Analysis: The pleadings disclosed that the plaintiff was not merely seeking rectification of the register, but was alleging fraudulent transfer and reduction of her shareholding, challenging the validity of the transfer itself, disputing title to the shares, and seeking declaratory and injunctive reliefs in respect of her individual rights. The scope of Section 59 of the Companies Act, 2013 was treated as confined to correction of the register and related reliefs against the company's entry or omission, while the Tribunal was not viewed as the proper forum to adjudicate complex disputed title, allegations of fraud, and independent proprietary rights between individual shareholders. The bar under Section 430 was held to operate only to the extent the Tribunal is empowered to determine the matter, and the civil court's jurisdiction was preserved where the controversy lay beyond simple rectification.

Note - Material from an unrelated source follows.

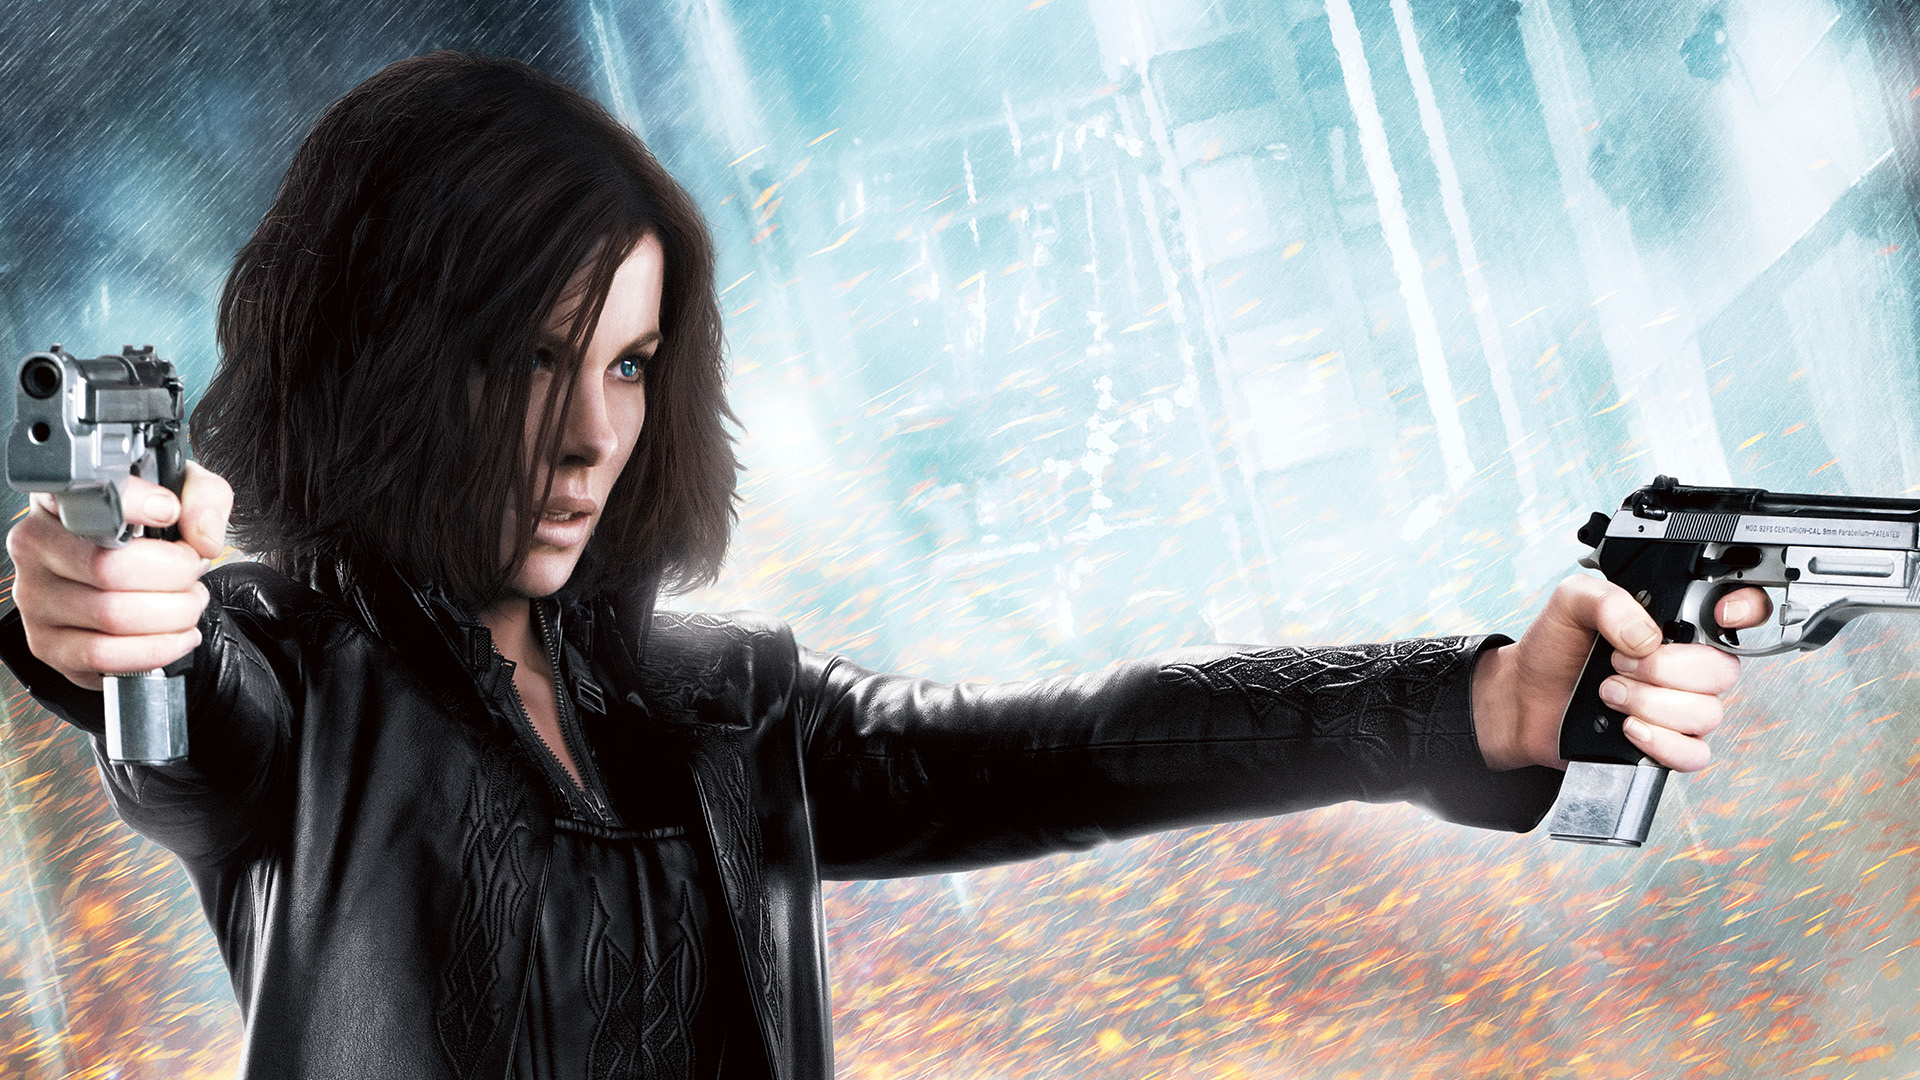 Selene (Underworld): Kate Beckinsale, Known for portrayal of another vampire fighter Anna Valerious in Van Helsing. 1920x1080 Full HD Background.

Conclusion: The application for rejection of the plaint was dismissed, and the civil suit was held to be maintainable.
Final Conclusion: The dispute was held to be one of fraudulent transfer and contested share title, not a mere rectification proceeding, so the civil court was not divested of jurisdiction.
Ratio Decidendi: Where the reliefs sought require adjudication of disputed title, allegations of fraud, and individual rights in shares, the remedy is not confined to rectification proceedings before the Tribunal and the civil court's jurisdiction is not barred by the Companies Act, 2013.